### Data for this exercise ###
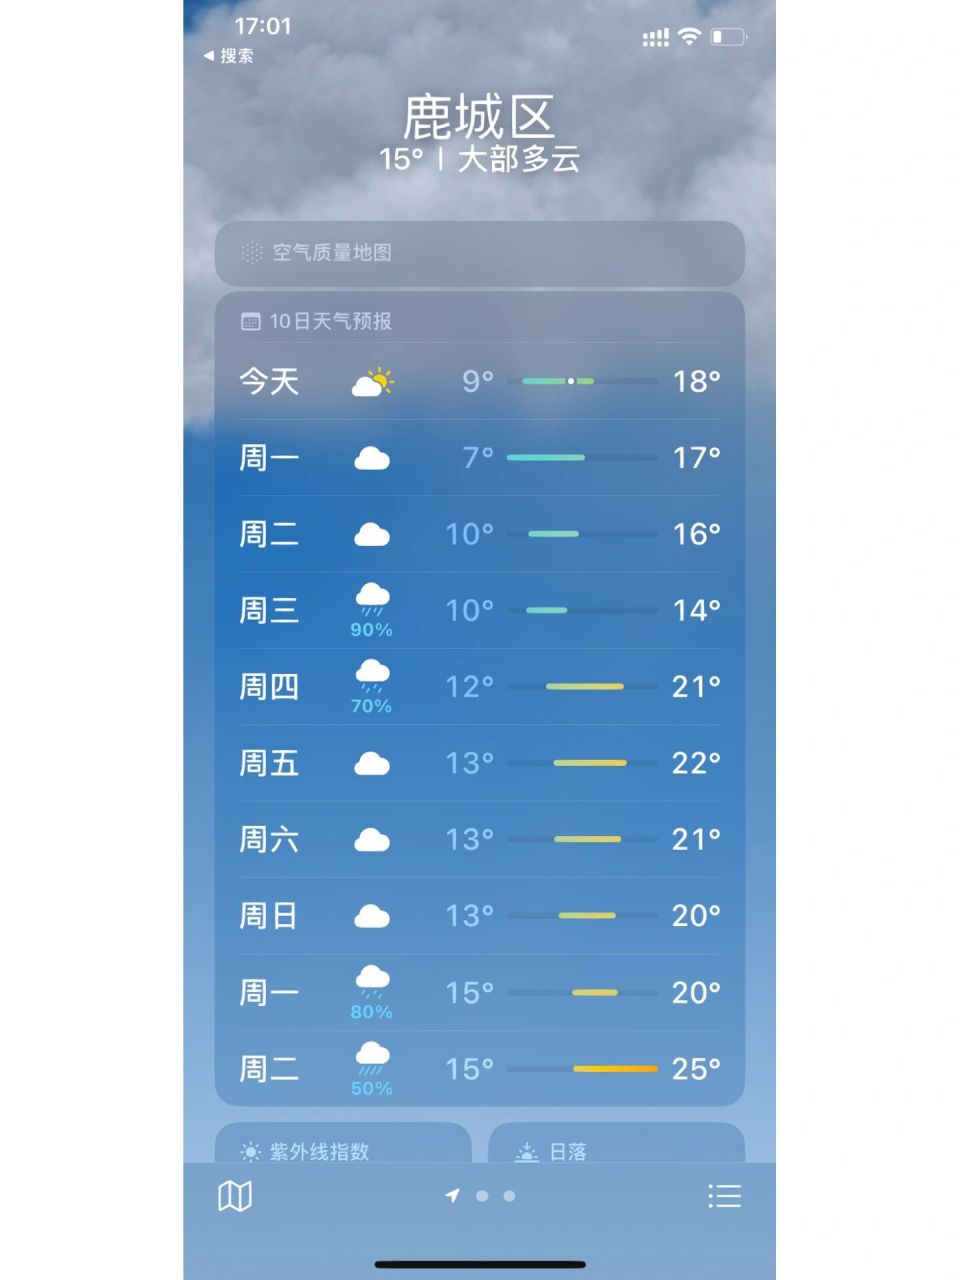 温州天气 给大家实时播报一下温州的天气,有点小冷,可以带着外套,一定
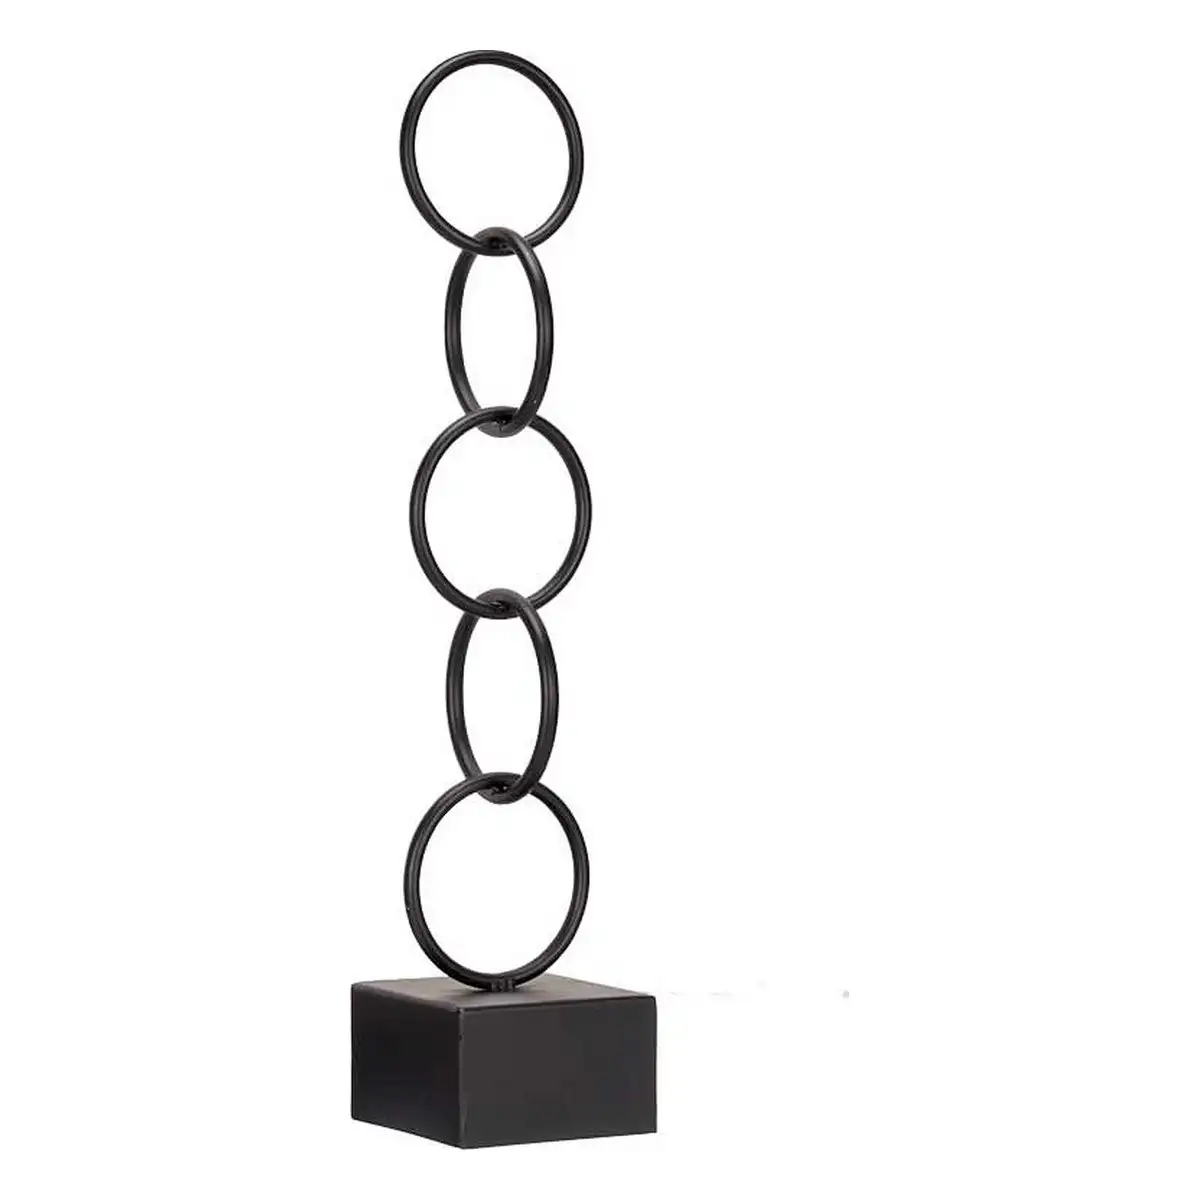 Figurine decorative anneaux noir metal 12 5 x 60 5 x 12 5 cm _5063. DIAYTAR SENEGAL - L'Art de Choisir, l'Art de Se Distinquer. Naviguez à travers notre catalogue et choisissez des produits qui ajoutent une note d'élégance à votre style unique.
###
### Data for this exercise ###
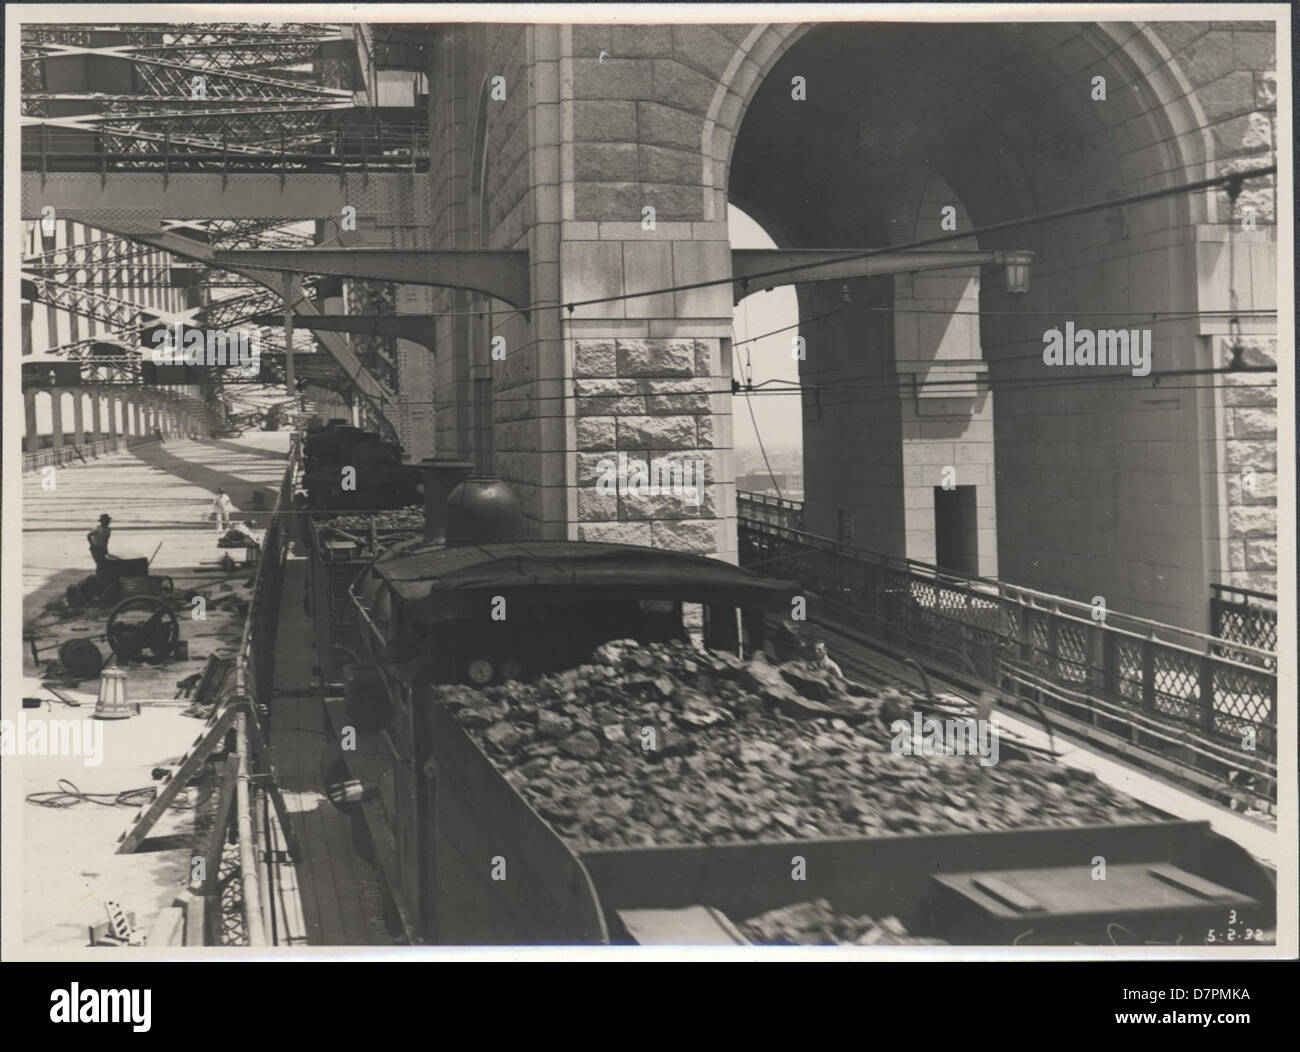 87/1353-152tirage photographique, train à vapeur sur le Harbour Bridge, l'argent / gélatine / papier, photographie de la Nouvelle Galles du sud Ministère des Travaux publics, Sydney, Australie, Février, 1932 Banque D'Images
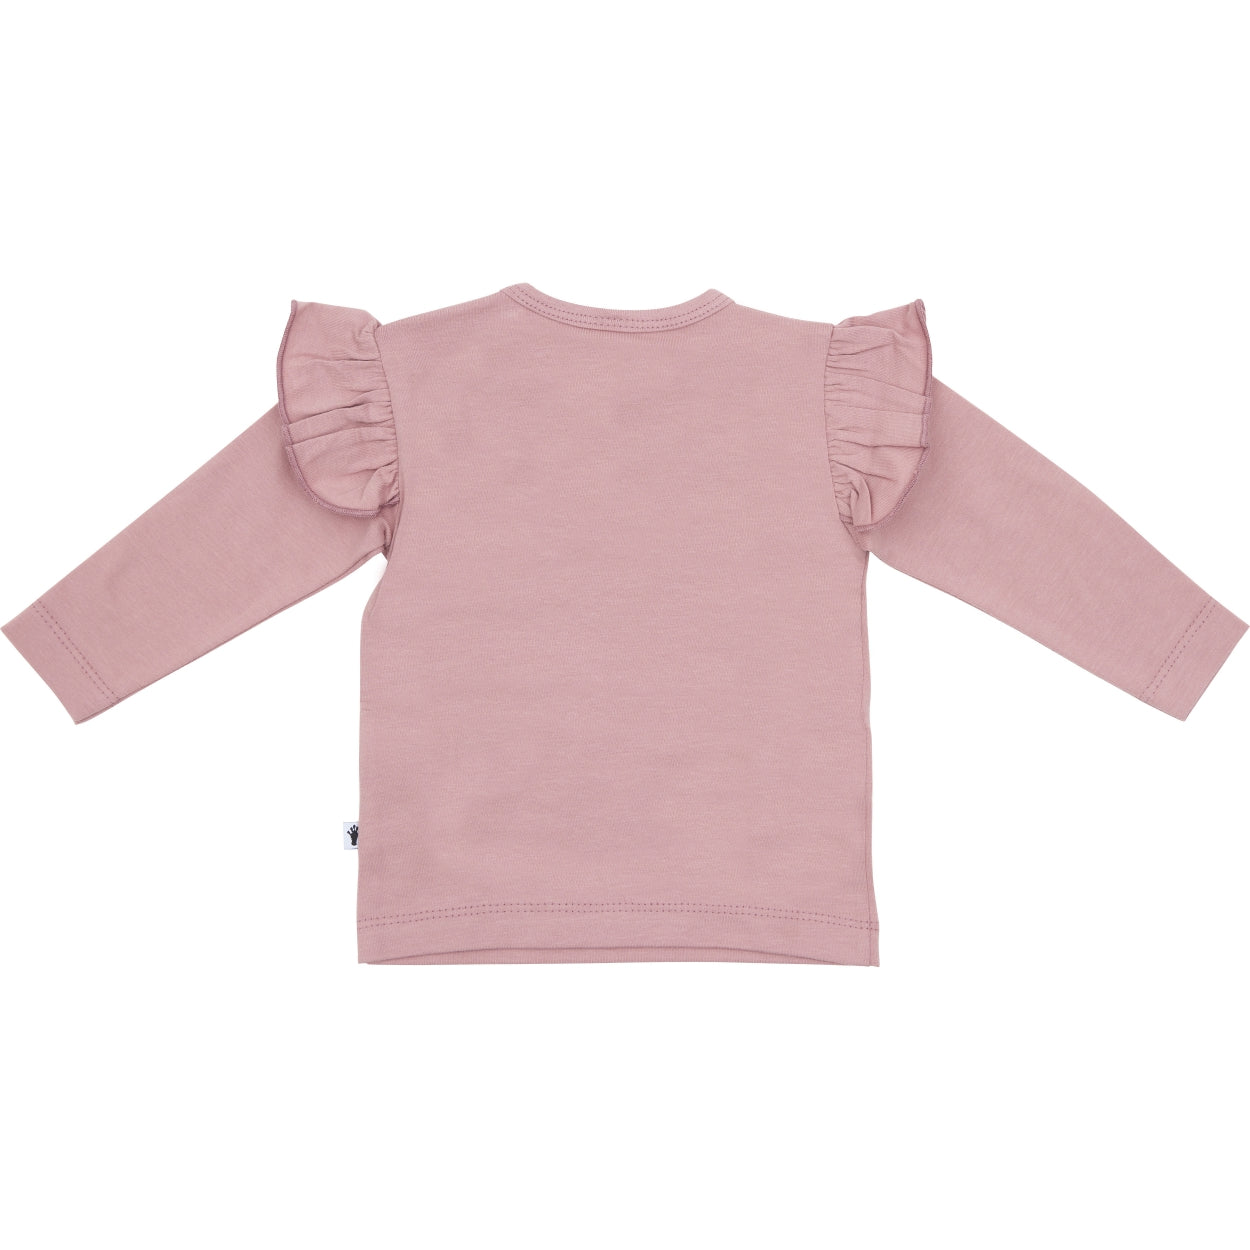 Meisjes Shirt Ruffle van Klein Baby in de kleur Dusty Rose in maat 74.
###
### Data for this exercise ###
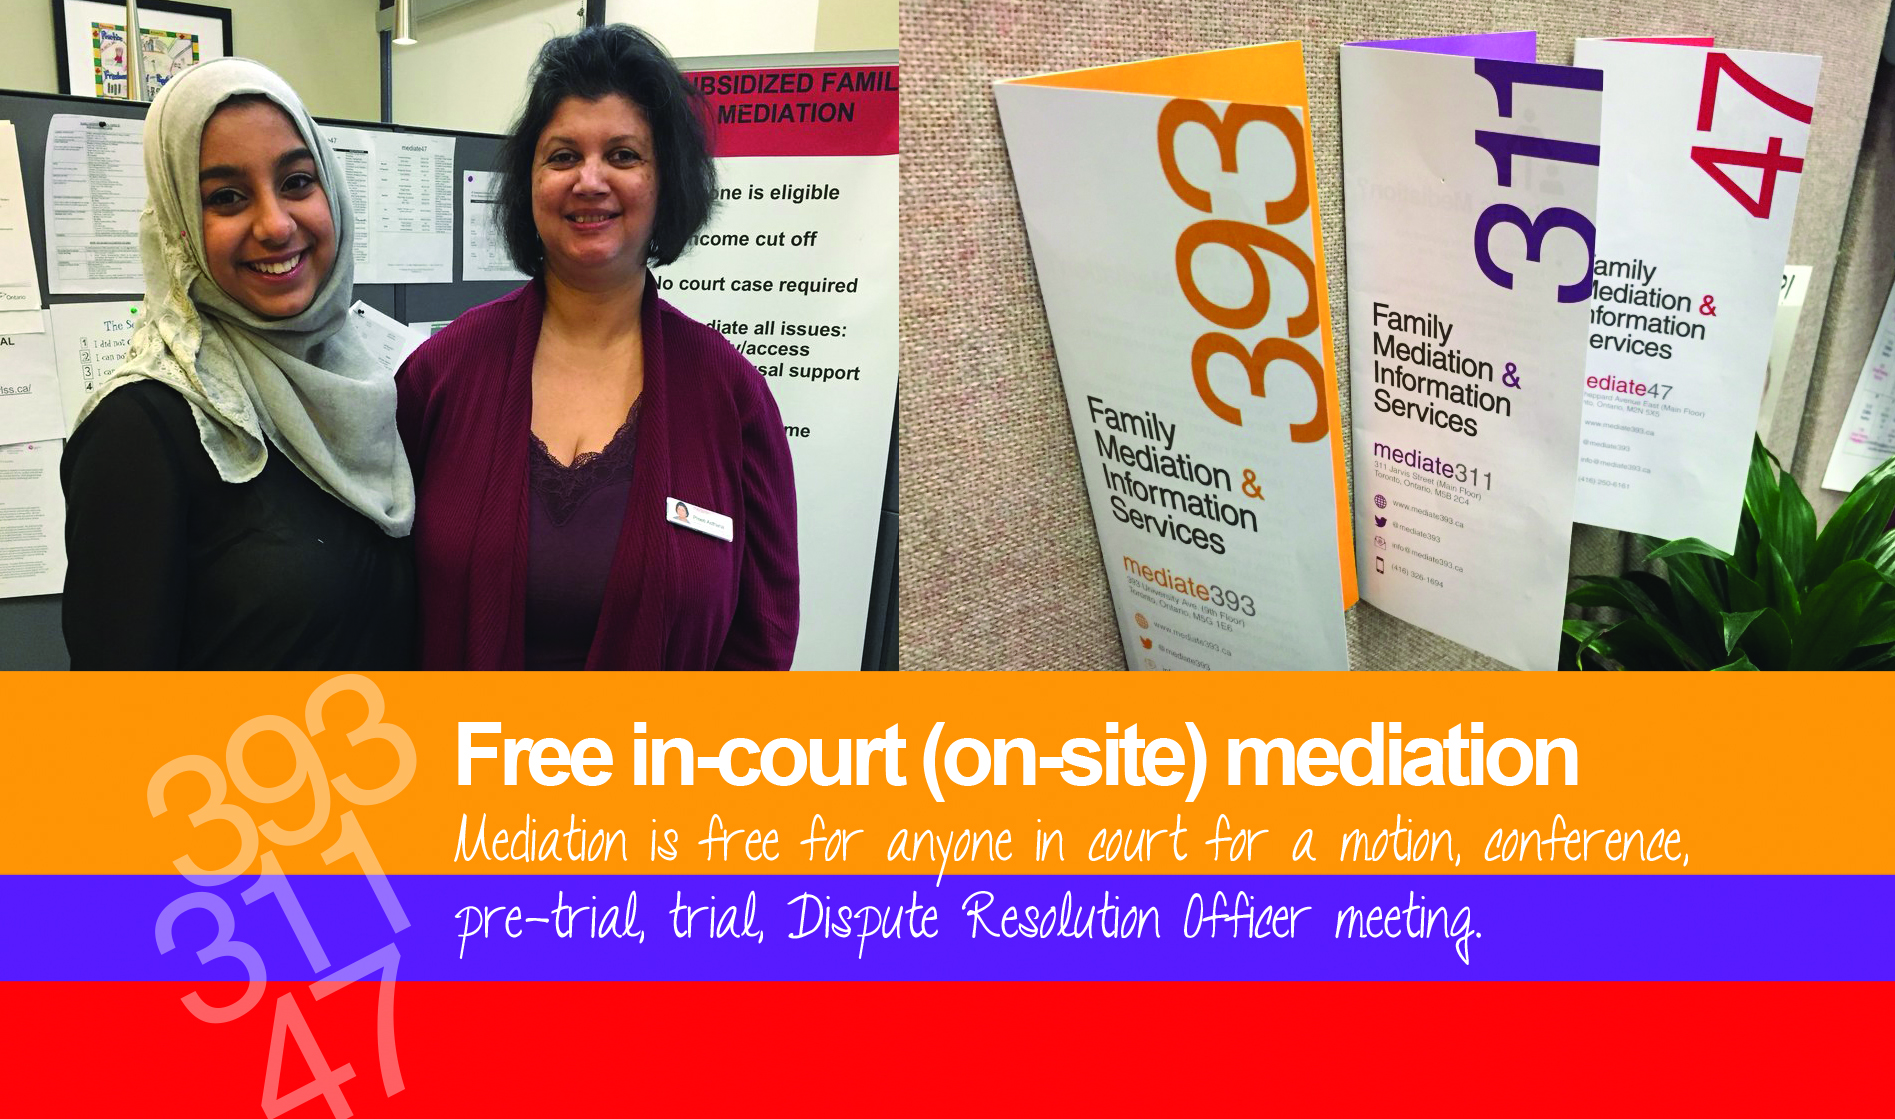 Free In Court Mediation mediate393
###
Repeat the lines above exactly, beginning with the one containing "87/1353-152tirage photographique, train" and finishing with the one containing "Meisjes Shirt Ruffle". No pictures belong in the copy.

- _Your solution_:
 87/1353-152tirage photographique, train à vapeur sur le Harbour Bridge, l'argent / gélatine / papier, photographie de la Nouvelle Galles du sud Ministère des Travaux publics, Sydney, Australie, Février, 1932 Banque D'Images
 Meisjes Shirt Ruffle van Klein Baby in de kleur Dusty Rose in maat 74.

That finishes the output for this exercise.